My suggestion was that pussyfooting around when kids are hurting each other was ridiculous. Being about 194cm and a tick under 100kg, I am lucky to have my own safety pretty low on the priority list since I can take care of myself, and I understand when younger, smaller females are hesitant to get involved (obviously). But teachers are responsible for the welfare and safety of students at the school, and we have no choice but to step in and stop kids fighting if they don't respond to verbal commands. What's a teacher to do otherwise? Look a parent in the eye and say "Yeah look I am sorry your beloved little Johnny has a broken face right now, but you know, I didn't want to inappropriately touch the kids or risk a boo-boo of my own to protect him." The parent would rightly be filthy.
My niece has just started her first full contract and decided to go for 3 years out "woop woop" where every child is indigenous. This state has a program to get teachers out there by offering new grads a school of choice offer once back in Metro if they commit to a three year out "the sticks" contract first.
I've not gone into full training details with her but these first term holidays she came back to catch up and I recall one description.

It involved violence, kid going through window, severing tendons and ambulance attendance.
Her instructions are to not get involved and to go and get a MALE teacher to deal with and take on associated risk. Of course we all know males and females are equal and interchangeable in all aspects nowadays, so let's not bother going through the whole equal pay for equal work implications.

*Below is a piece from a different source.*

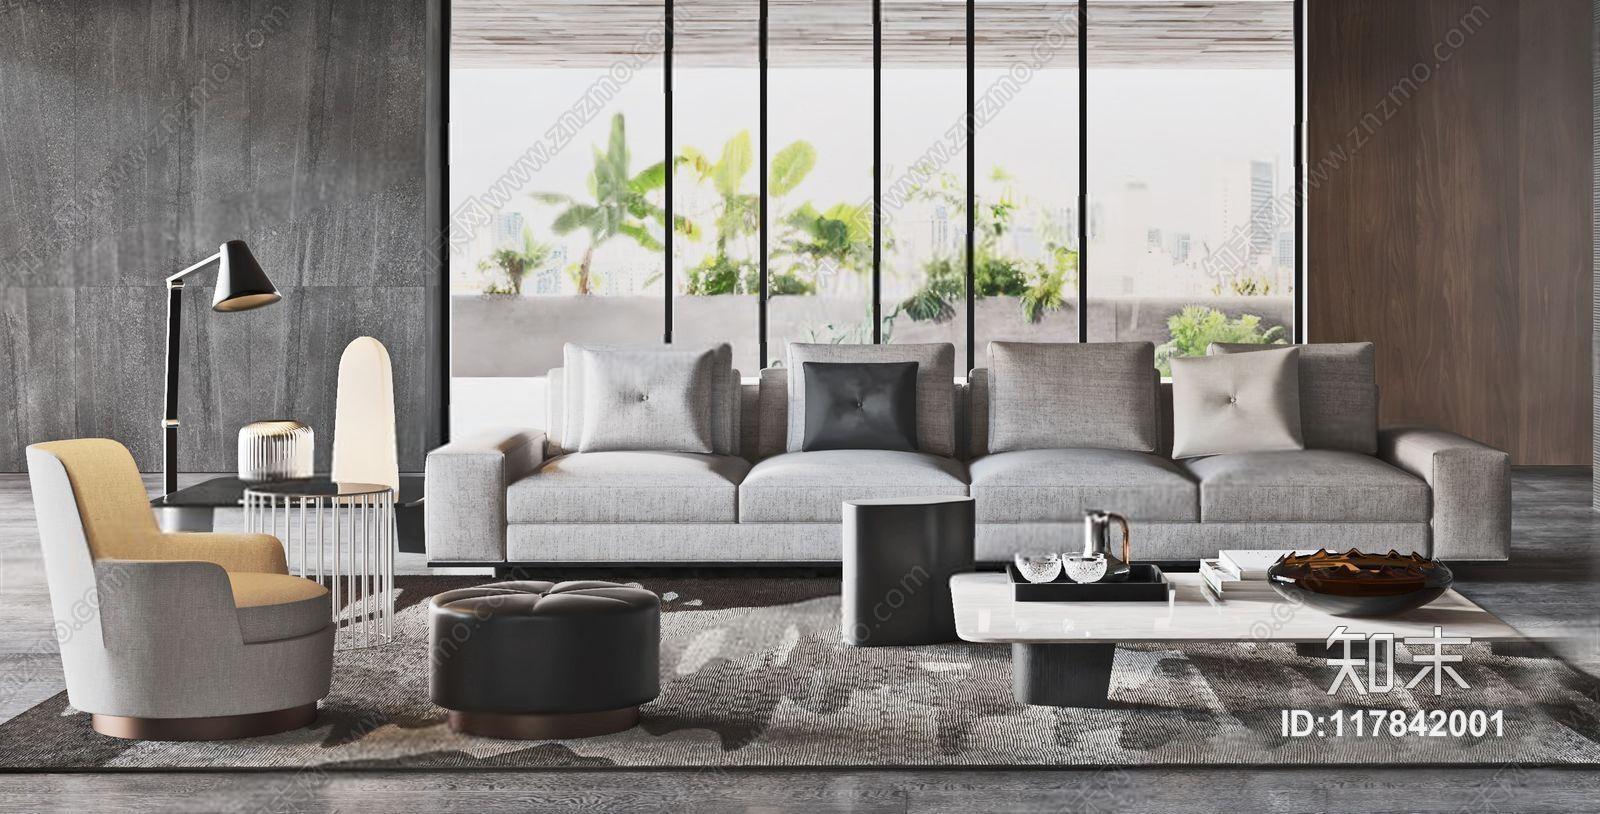 意大利 米洛提 Minotti 现代沙发组合 现代组合沙发 茶几 休闲椅 边几 落地灯 摆件 坐垫 意大利 Minotti 米洛提

Rest assured however, when this stuff happens it will be males like you and you alone taking on any risk. The other 90% of your peers will be watching the assault happen, that is the new enlightened/feminised model. Observe, ask them to stop and take mental notes for report, is the direction basically.

Mark my words at some stage a kid is going to get punched and killed at school whilst a teacher is staying out of the conflict zone and following directions to not get physically involved. It's going to happen, it's just a question of whether it will be your child or someone else's.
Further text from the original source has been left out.